Non-invasive estimation of hematocrit would render the oximetry technique truly non-invasive. As hematocrit factors in as Hct(1 − Hct) in the L-M model, a solution from T2 relaxation alone is difficult due to the possibility of multiple values being estimated. Recent studies have demonstrated the potential to estimate hematocrit and oxygen saturation from T1 measurements [43], and have also proposed a combination of T1 and T2 measurements for joint estimation of hematocrit and O2 saturation [40]. Incorporating these features may lead to a truly non-invasive oximetry technique, but is outside the scope of the current work.

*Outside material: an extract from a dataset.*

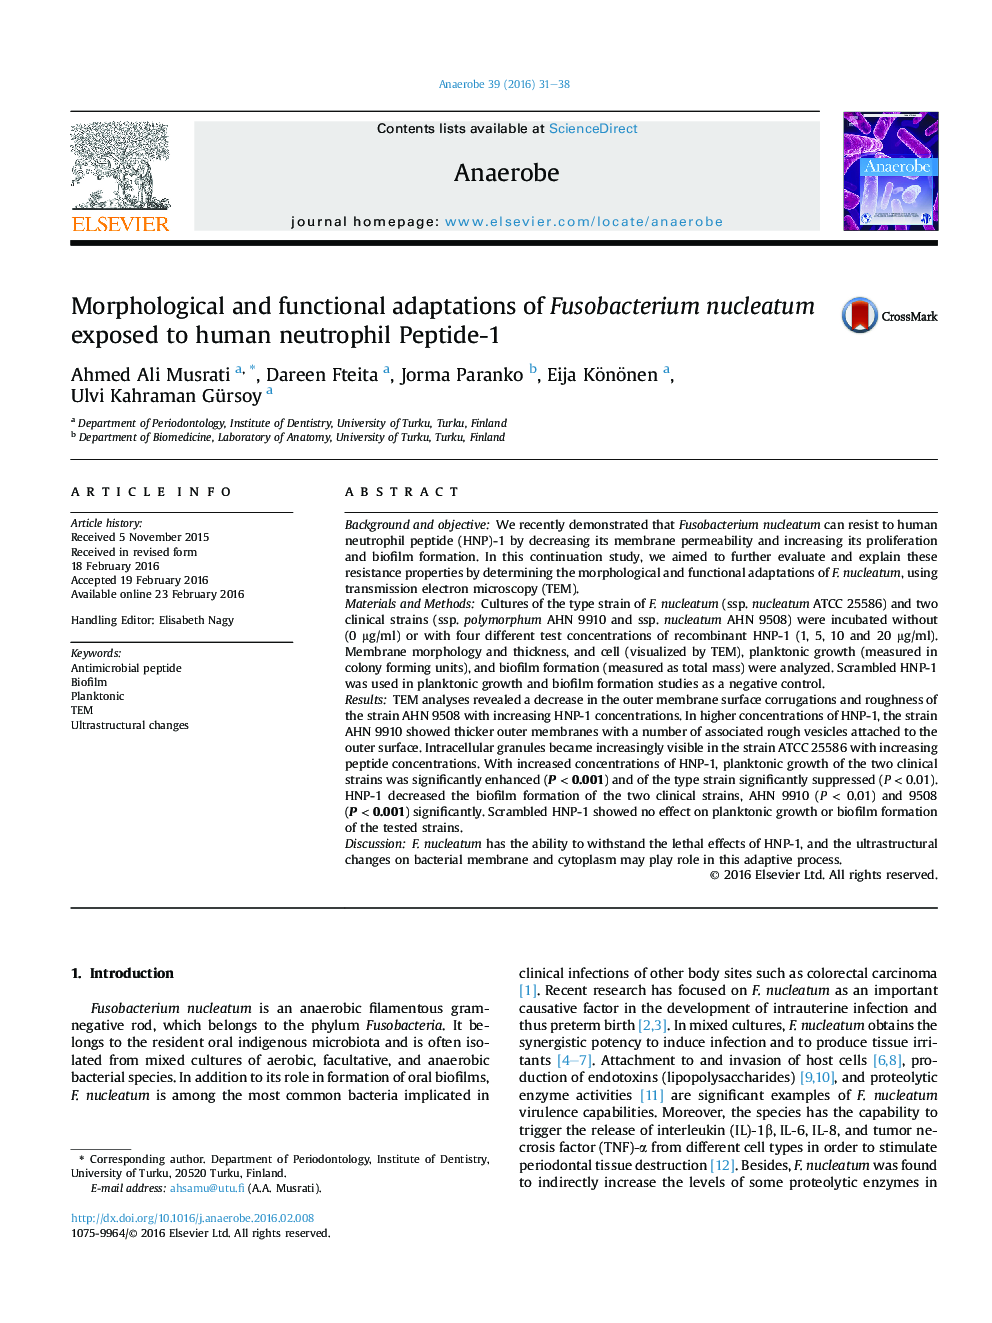 سازگاری های مورفولوژیک و عملکردی هسته فوزوباکتریوم در معرض نوتروفیل انسان پپتید-1

The clinical application of this technique would be especially valuable in heart failure, pulmonary hypertension, and congenital heart disease patients, who may present under different hemodynamic and metabolic states, and altered blood magnetic properties than the normal population. The present study focused on an animal hypoxemia model with normal cardiovascular anatomy. Animal models of intra- and extra-cardiac shunts could also be useful to help establish the performance of the technique under conditions that may be found in a congenital heart disease population.